Blasting EBI Services 1
Although I knew there were some programtical way to access EMBL-EBI databases(http://www.ebi.ac.uk/Tools/webservices/), I had no idea how to do it because I didn’t know about UDDI, WSDL, and SOAP.
After learning the concepts of those technologies I tried some examples in this page (http://www.ebi.ac.uk/Tools/webservices/tutorials/06_programming/python/soap/soappy). The first two example code worked without any modifications. But the third one, “Complex Data Structures”, didn’t work.
The cause of this problem was that the url(http://www.ebi.ac.uk/Tools/webservices/wsdl/WSWUBlast.wsdl) used in the code was not accessible anymore. The right url was “http://www.ebi.ac.uk/Tools/services/soap/fasta?wsdl”. Furthermore, the way to access the service had changed accordingly.

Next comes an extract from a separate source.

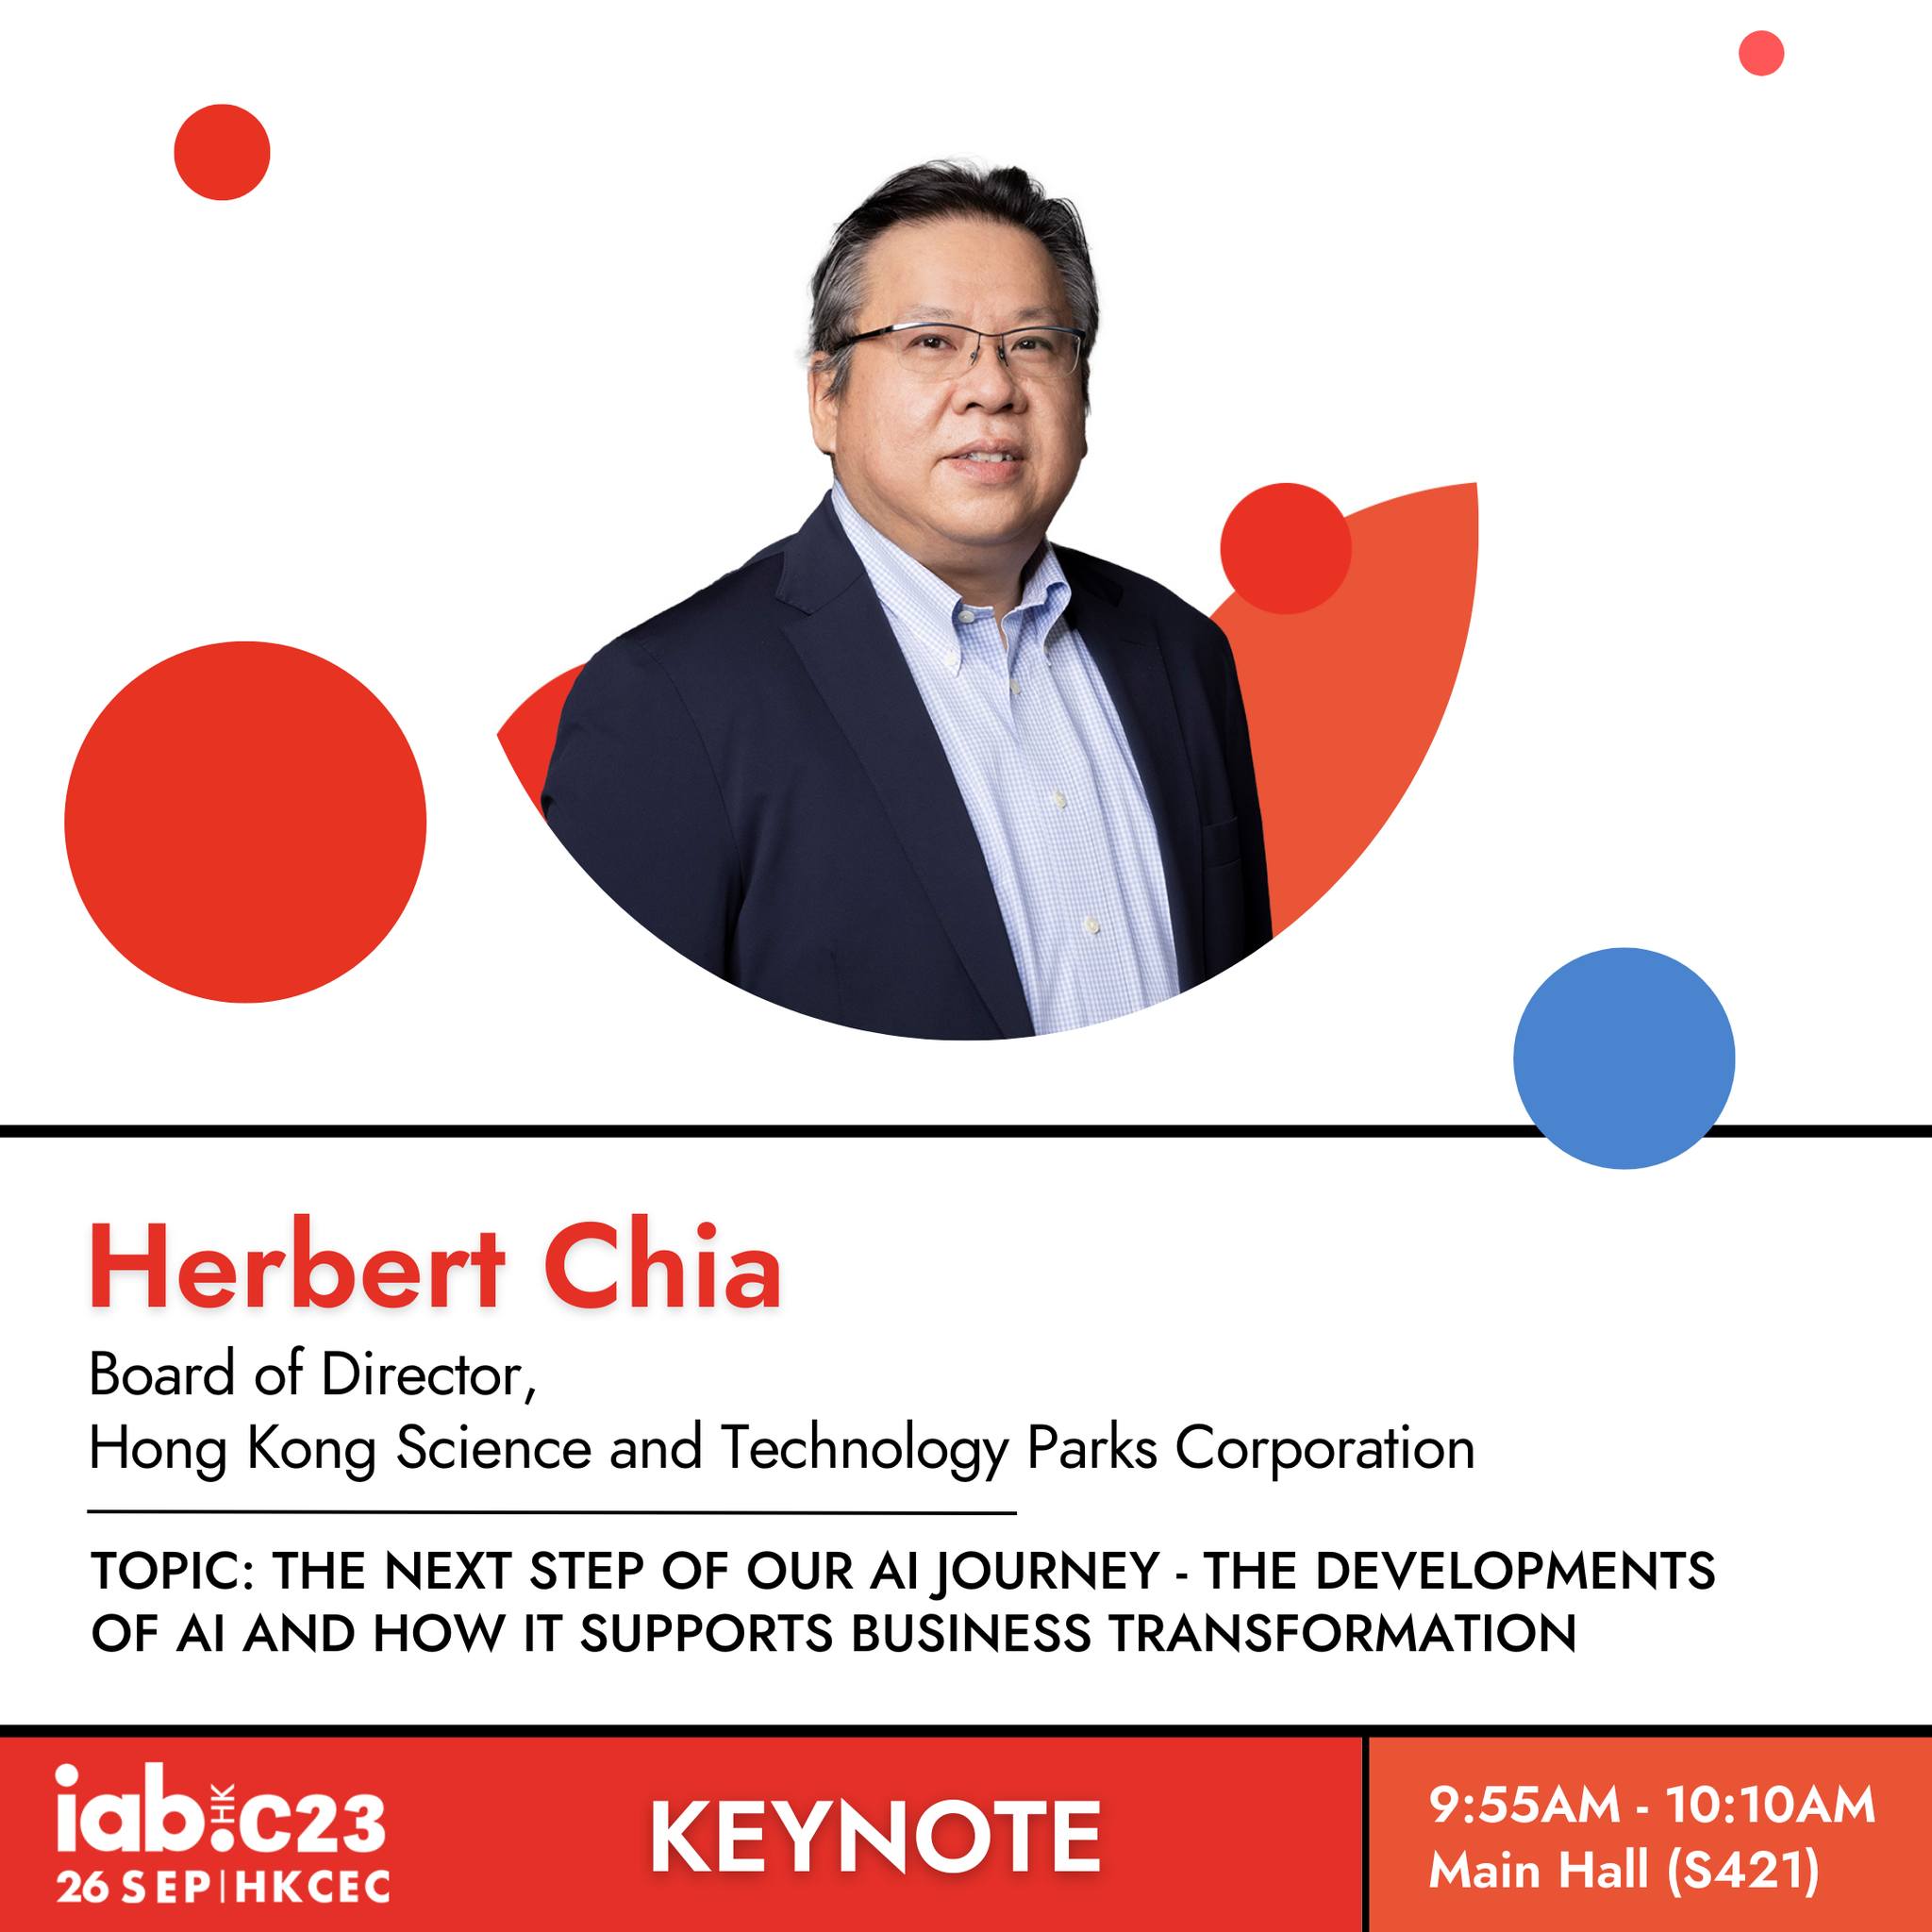 Keynote 1 - Herbert Chia

After some struggles, I modified the code as follows.
# Import WSDL package
from SOAPpy import WSDL
# Create service interface
wsdlUrl = 'http://www.ebi.ac.uk/Tools/services/soap/fasta?wsdl'
server = WSDL.Proxy(wsdlUrl)
# For debug
server.soapproxy.config.dumpSOAPOut = 1
server.soapproxy.config.dumpSOAPIn = 1
# Query sequence
seq = """>Q8E5Q5_STRA3
MKLSKRYRFWQKVIKALGVLALIATLVLVVYLYKLGILNDSNELKDLVHKYEFWGPMIFI
VAQIVQIVFPVIPGGVTTVAGFLIFGPTLGFIYNYIGIIIGSVILFWLVKFYGRKFVLLF
MDQKTFDKYESKLETSGYEKFFIFCMASPISPADIMVMITGLSNMSIKRFVTIIMITKPI
SIIGYSYLWIYGGDILKNFLN"""
dbnames = {'string':'pdb'}
# Structure containing parameters
blast_params = {
'program':'fasta', # Protein vs. protein search
'database':dbnames, # Database to search
'scores':10,
'alignments':10,
'stype':'protein',
'sequence':seq
}
server.methods['run'].namespace = server.wsdl.targetNamespace
jobid = server.run(email="pachiras@localhost", title="testjob", parameters=blast_params)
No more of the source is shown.